I'll formalize this description with pseudocode where I replace the tapes with variables containing the remaining, unprocessed string. Note that I only look at its first element (head), and only replace it with a version where this element is removed (tail):

algorithm levdist(l,r):
  # nondeterministically compute an upper bound for the levenshtein distance
  # in a why where the real distance is among the possible results
  c := 0;
  while l and r are not both empty
    do one of these operations:
      - a:=head(l); b:=head(r); l:=tail(l); r:=tail(r); if a<>b then c:=c+1;
      - l:=tail(l); c:=c+1;
      - r:=tail(r); c:=c+1;
  return c;

Let's now simulate this computation with a nondeterministic (infinite) automaton over the alphabet of pairs of bits, such that the input $(l_1,r_1),(l_2,r_2)\dots(l_n,r_n)$ corresponds to input $(l_1l_2\dots l_n,r_1r_2\dots r_n)$ to the original machine. Note that now the words are of the same length, a restriction we didn't need before.

The first machine can compare letters $a_i$ and $b_j$ at different positions. If e.g. $i<j$, the automaton has to read up to $(a_j,b_j)$ to know $b_j$, and then still must remember $a_i$ (and the following bits) in its state. So to be able to simulate the machine, the automaton will have states that know the counter, which (if any) tape is behind, and what the unprocessed bits on that tape were.

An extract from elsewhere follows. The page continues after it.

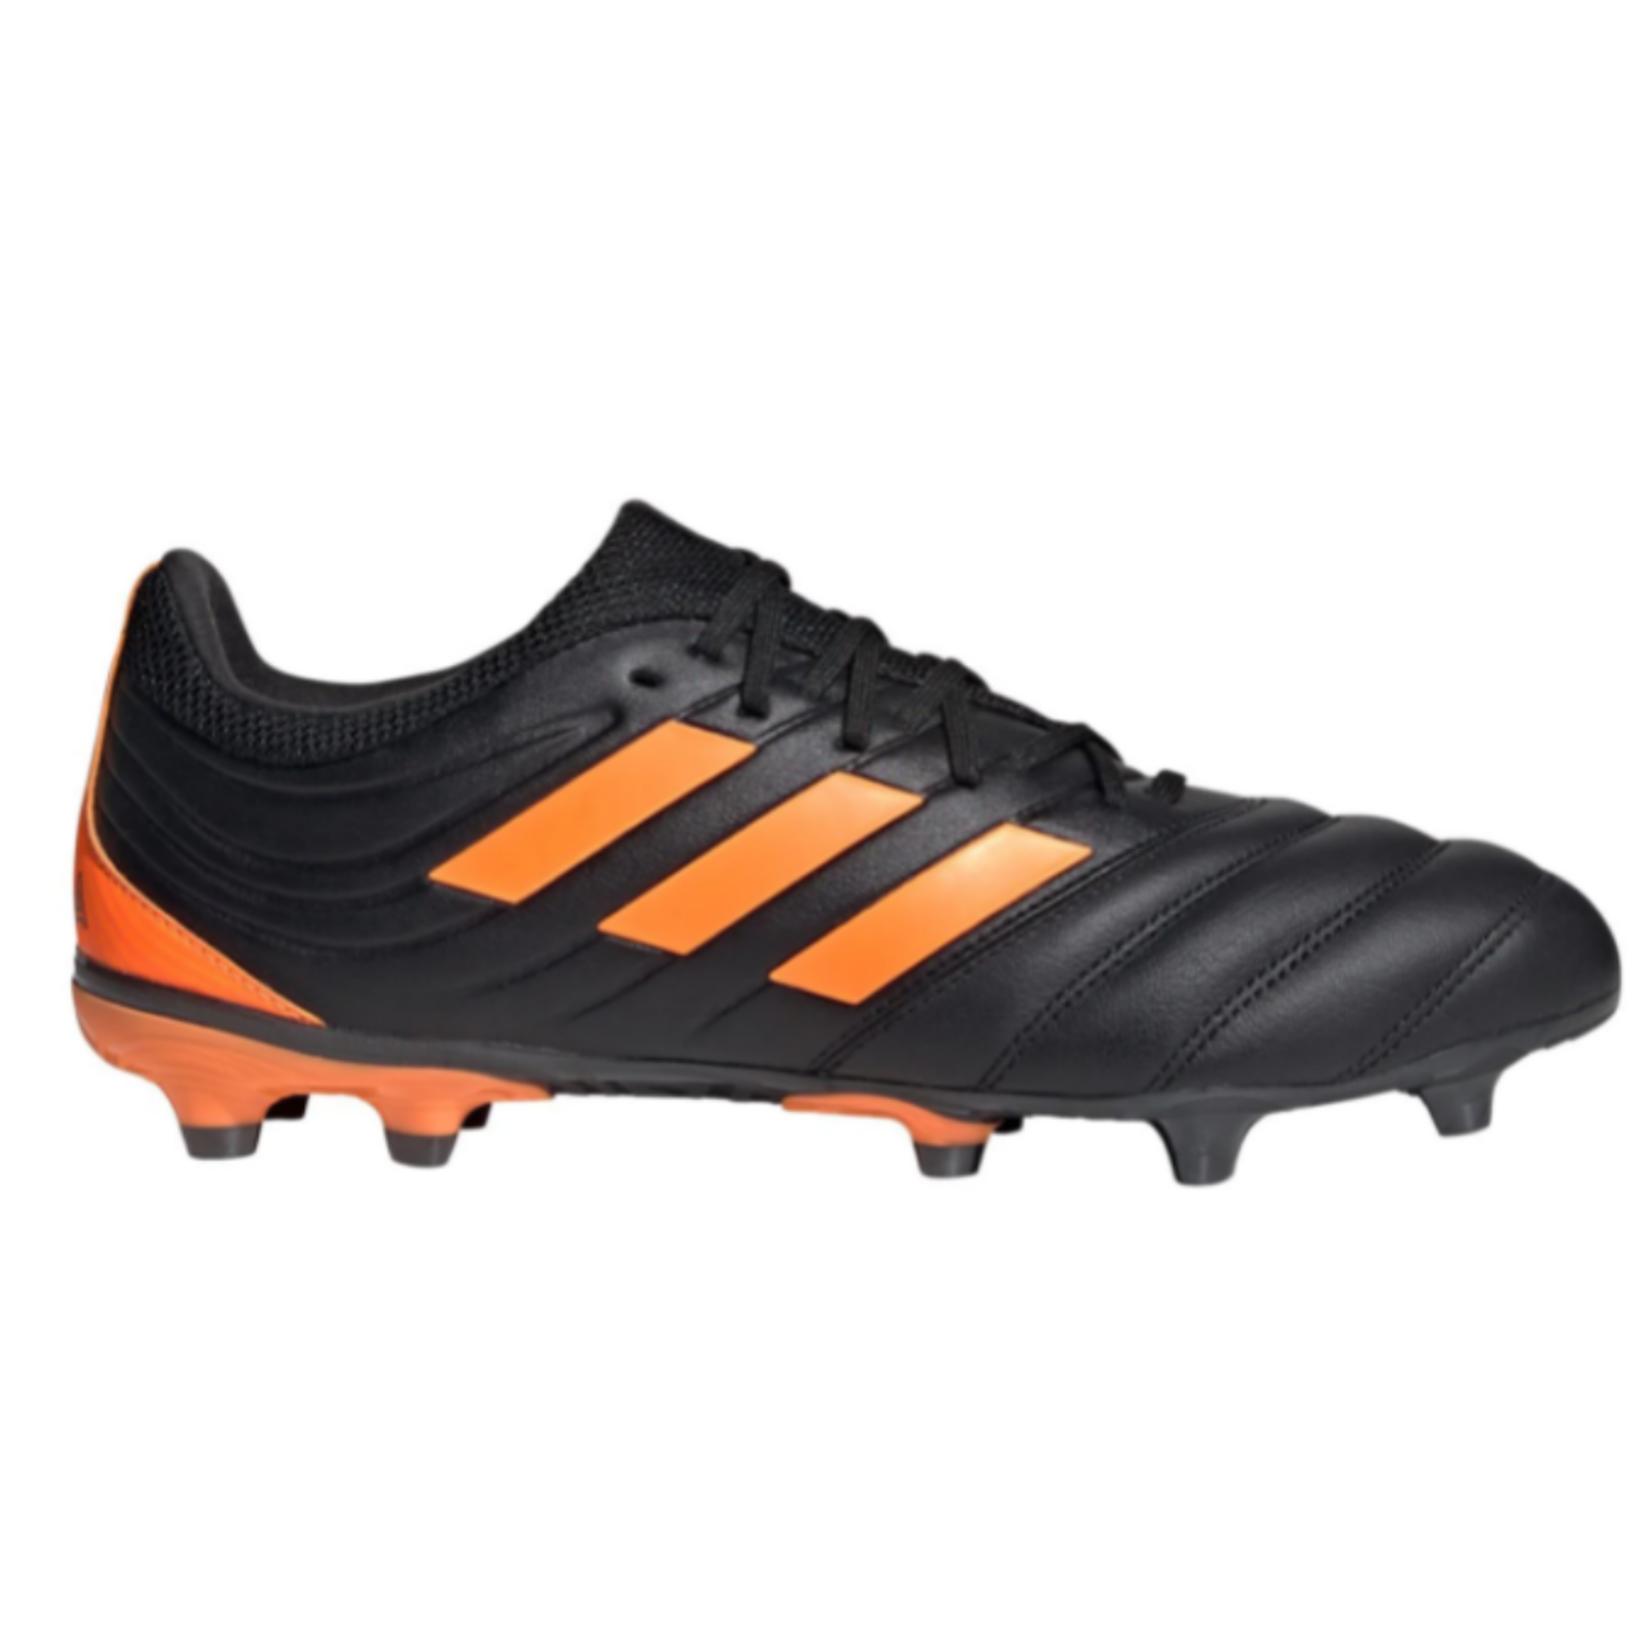 Adidas Adidas Copa 20.3 FG Soccer Cleat - Jr

So we have states $N_c$ for $c\geq0$ for when the tapes are in sync, and states $L_{c,w}$ and $R_{c,w}$ with nonempty words $w$ and $c\geq |w|$, the length of $w$. To simplify the following, let's allow $L_{c,\epsilon}$ and $R_{c,\epsilon}$ as alternate names for $N_c$, where $\epsilon$ is the empty word.

For input $(l,r)$, the states $N_c$ have transitions to itself if $l=r$, otherwise to $N_{c+1}$, and to $L_{c+1,l}$ and $R_{c+1,r}$. If $\omega$ is a bit and $w=\omega w'$, then for that same input $L_{c,w}$ has transitions to $L_{c',w'l}$ with $c'=c$ if $\omega=r$, otherwise $c'=c+1$, and to $L_{c+1,wl}$. It also has an $\epsilon$-transition to $L_{c+1,w'}$. The transitions of the $R$ state are likewise, with the roles of $l$ and $r$ swapped.

When the automaton starts with initial state $N_0$ and processes some input, it will end in some state from which an $N_c$ state can be reached. This $c$ is an upper bound for the levenshtein distance of the input. Each computation of the first machine corresponds to a computation of the automaton that ends in the $N_c$ state with the $c$ that the machine computes.

Now we don't really want to compute the distance, we only want to know if it is at most 4, which we'll generalize to $k$. (And for real computations, we prefer finite automata.) To achieve this, we can restrict the states to those that have $c\leq k$. Now some of the $L_{c,w}$ and $R_{c,w}$ states can no longer reach an $N$ state. When we remove them, we keep those with $1\leq c\leq |w|\leq k-|w|$. When this automaton processes some input with initial state $N_0$ and doesn't get stuck, we know that it could reach a state $N_c$ (with $c\leq k$), so we can just declare all states as accepting states.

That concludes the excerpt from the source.